It was difficult to know which should have been the dominant emotional response upon hearing earlier this week that Boris Johnson had chaired a Cabinet meeting to discuss “innovative” ways to combat the cost-of-living crisis.

Exasperation, annoyance, astonishment and dismay all seemed appropriate.

“Innovative” seemed, from what was said by the Prime Minister’s official spokesman, to reflect a desire by the UK Government to tackle the crisis on the cheap. At the very least, the context suggested extreme reluctance to release the purse strings to help the least well-off.

It is surely astonishing that it seems to have taken this long for the Cabinet to get to this very early stage of dithering about how it might go about resolving a huge inflation crisis, the impact of which on ordinary households it looks to have underestimated time and again.

And it is also astounding that the Johnson administration seems to think it can somehow solve the problem with “innovative” measures, without any need for significant extra money.

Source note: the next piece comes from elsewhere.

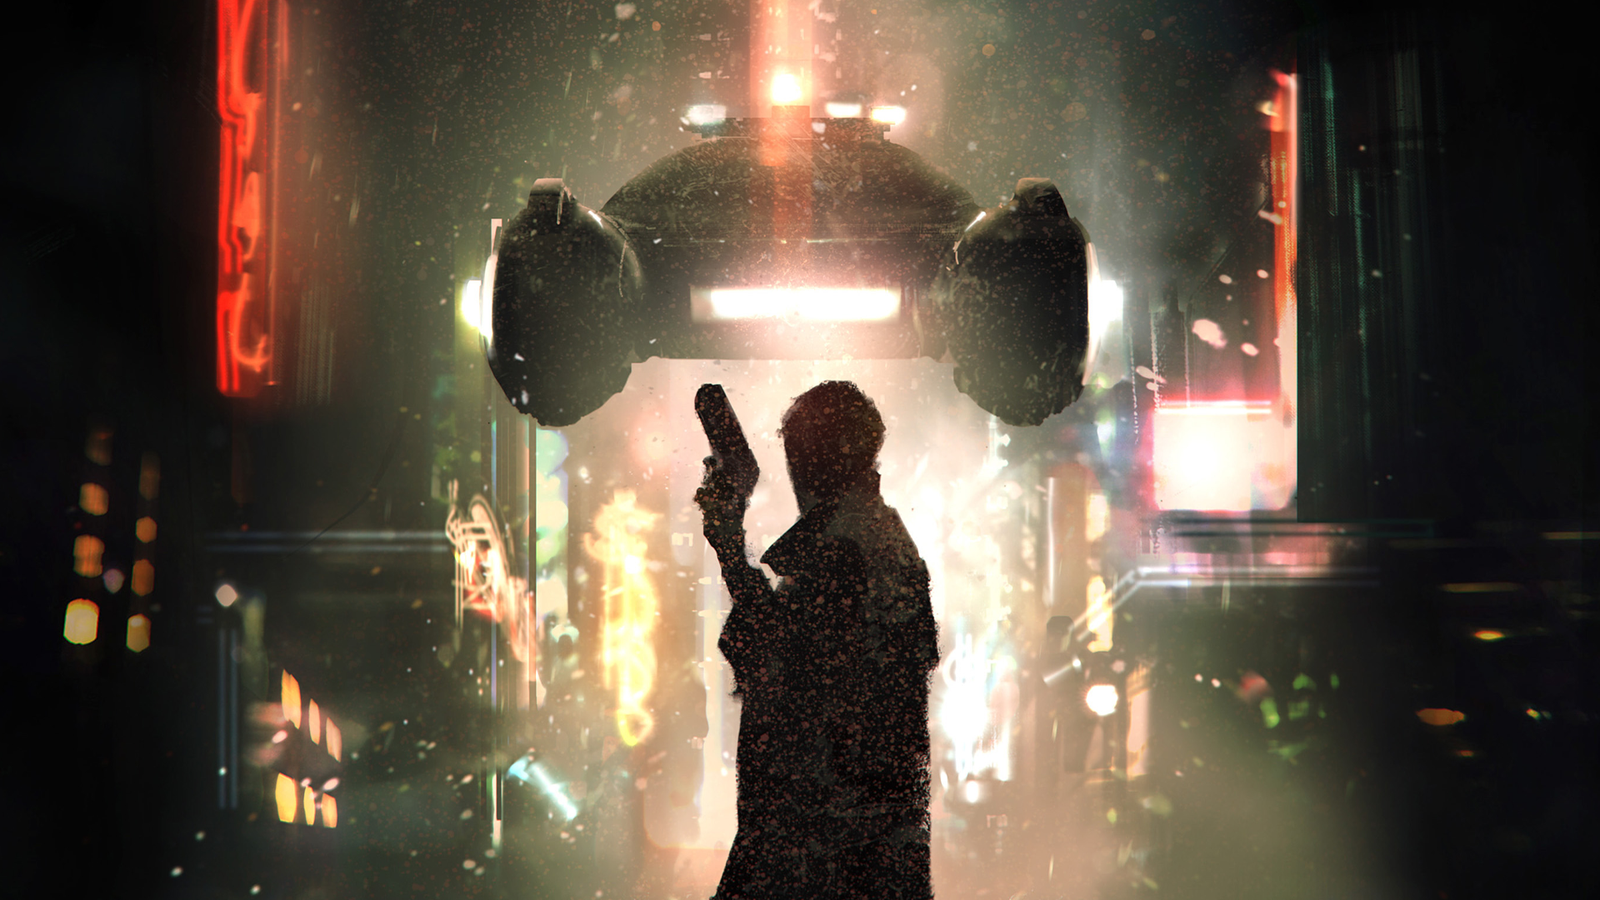 Blade Runner: The Role Playing Game' Gives You the Tools to Live

However, given the Johnson administration’s dismal track record when it comes to the impact of its policies on low-income households and the mess it has made and continues to make of the economy, we should perhaps not be surprised at all.

In any case, it is exasperating to watch the shambles unfold.

There was plenty of warning about what was coming. It was crystal clear well before the end of last year where things were broadly headed on the inflation front.

Yet the Johnson administration sat on its hands, rather than doing something meaningful to tackle or mitigate the impending crisis.

In fact, it was worse than that. It chose policies which have exacerbated the financial crisis for the worst-off households and will continue to do so.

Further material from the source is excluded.